The Claimant brought a claim for personal injury against a nightclub when she slipped on a spillage close to the bar area. The Claimant alleged amongst other things, that the Defendant failed to “devise, institute and/or maintain any or any adequate” system for the inspection of the floor. 

Evidence was given by the assistant manager of the nightclub that 2 or 3 other members of staff were continually walking around the nightclub looking for spillages. It was estimated that this took place every 10 to 15 minutes.  

The trial judge accepted the Defendant’s evidence but nonetheless found that the system in place of checking the floor every 10 to 15 minutes was not suitable and thus the Claimant was successful.  

The Defendant appealed the decision in the High Court. The judge allowed the appeal on 2 grounds: 

  • Ground 1: The trial judge was wrong to find that checking the floor every 10-15 minutes was not sufficient to satisfy the duty of care owed to the Claimant. 
  • Ground 2: The trial judge imposed an unreasonably high burden upon the Defendant and thereby erred in law.

Regarding Ground 1, the appeal judge found that the trial judge fell into error when he held that the Defendant’s system of inspection, as described by the assistant manager, had not been reasonable in all the circumstances to keep the Claimant reasonably safe. 

The appeal judge held that the evidence established that the Defendant’s system had been one of continuous monitoring by continual walking, with the result that every area was checked at least every 10 to 15 minutes. He noted that when the Defendant said that the system of inspection was every 10 to 15 minutes, this meant that every area would have been checked at least with that frequency, but there was continuous monitoring. He commented that there was no doubt that if the staff, as they carried out their continuous walking checks, saw a drink being spilt, they would have reacted straight away to deal with it in accordance with their training. 

The appeal judge further noted that there was direct and detailed evidence of the system which was being operated in the bar that night, and that it was sufficient to fulfil the statutory duty lying upon the Defendant. Its system was proactive and not reactive. It was one of continuous monitoring. 

Regarding Ground 2, the appeal judge stated that the high standard imposed by the trial judge amounted to a counsel of perfection.  

This meaning that the standard imposed would have amounted to the Defendant having to operate a system of continuous surveillance and monitoring so that no spilt liquid could ever be present on the floor at all and would have required many more members of staff to constantly monitor every patch of floor in the premises. He found that this would have gone far beyond what was required.  

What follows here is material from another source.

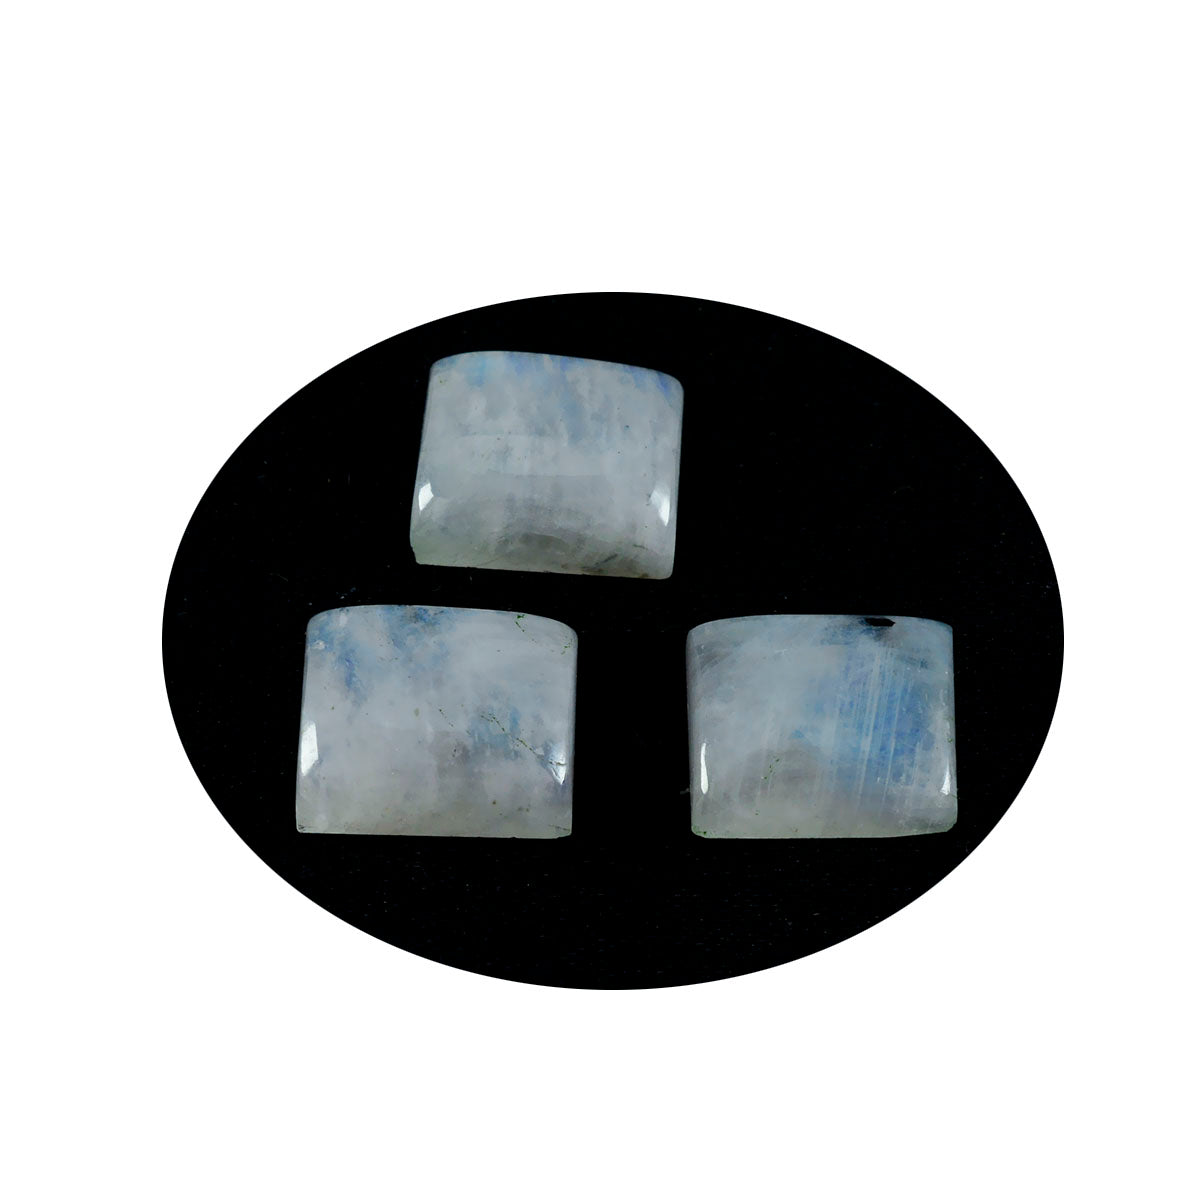 riyogems 1 шт. белый радужный кабошон из лунного камня 10x12 мм восьмиугольной формы удивительного качества, свободный драгоценный камень

This appeal decision provides a summary of decisions on the question of what constitutes a reasonable system in the context of slipping accident claims. 

It is worth noting that the trial judge only heard evidence from the assistant manager. None of the employees responsible for operating the system gave evidence at trial. The evidence given was however sufficient to satisfy the evidential burden on the Defendant to show that it had implemented a reasonable system of care. 

This finding is in stark contrast with the seemingly clear conclusion in Dawkins v Carnival plc 2011 where it was found that an absence of evidence from employees claimed to be implemented the system, meant that the judge was not entitled to infer that a spillage that led to a slip occurred only a short time before the accident.   

The difference is perhaps that the assistant manager in this case was working on the night in question and was able to give evidence that the system was being implemented. It therefore appears that some direct evidence from the Defendant as to the implementation of their reasonable system is still likely to be required to satisfy the evidential burden. However the persons who actually implemented the system at the relevant time need not provide that evidence. 

*This article is not legal advice but provides a general overview. The specific details of your case will determine the best course of action.